The soldiers nodded, several of them taking a step back from the tear. One of them was shaking.
"You should probably move further back," Sael added. "This next part is going to be unpleasant."
They retreated to the tunnel entrance without argument, putting as much distance between themselves and the tear as the space allowed. Captain Dernwell hesitated, clearly torn between his duty to witness what happened and his survival instinct, but eventually he followed his men.

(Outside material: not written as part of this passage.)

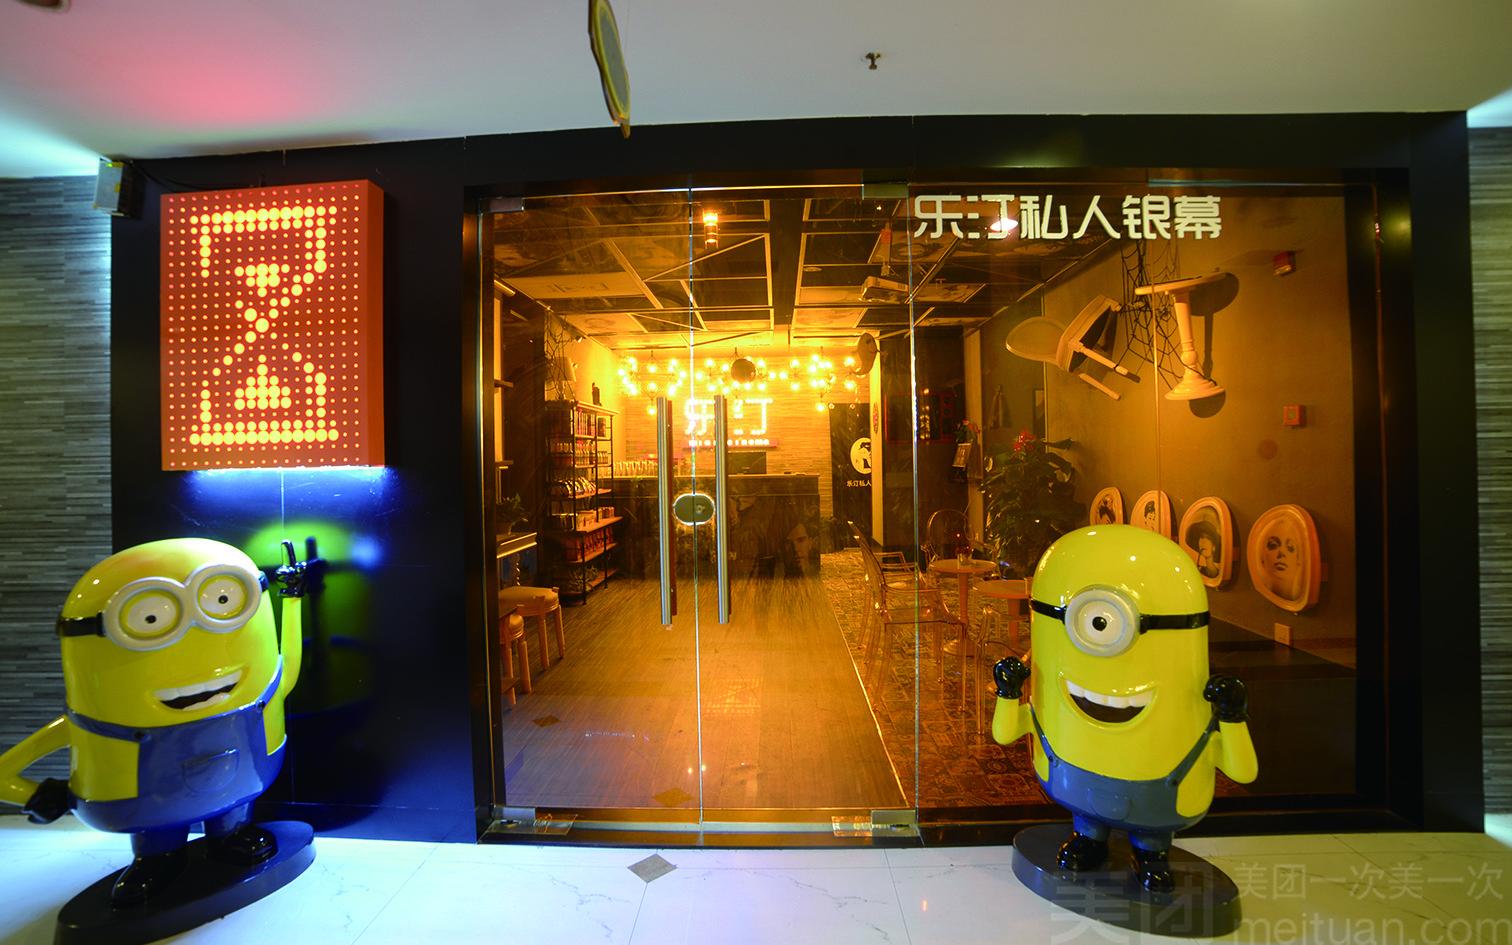 :长沙今日团购:【五一广场】乐汀私人影院仅售68元,价值168元上午场2-3人观影包间1次,免费WiFi!

Sael turned back to the tear.
He raised Severance, lining the blade up with the rippling edge of the wound. The knife seemed to hum in his hand, responding to the presence of the dimensional breach the way a tuning fork responded to the right frequency.
"Cover your ears," he called back to the soldiers.
He didn't wait to see if they complied.
Sael pressed the tip of Severance against the top edge of the tear and began to drag it downward, following the line of the wound as if he were sealing a seam. The blade cut through the fabric of reality with a resistance that felt like pressing a knife through cold butter, smooth but requiring constant pressure.
The sound started immediately.
It was glass screeching against glass, except the glass was somehow also screaming. High-pitched and wrong and so profoundly unpleasant that Sael's teeth ached from it. Behind him, someone made a whimper sound.
Sael kept going, dragging Severance down the length of the tear. The opening tried to resist, reality pushing back against being sealed, but Eon had forged this blade specifically to overcome that resistance. The edges of the wound pulled together behind the knife's passage, knitting closed the way skin sealed over a cut.
The last inch sealed with a sound like a scream being cut off mid-breath, and then—
Silence.
The tear was gone. The purple light vanished, leaving the cavern lit only by the faint glow of the soldiers' lanterns. The wrongness in the air disappeared so completely that the absence of it felt like a physical relief.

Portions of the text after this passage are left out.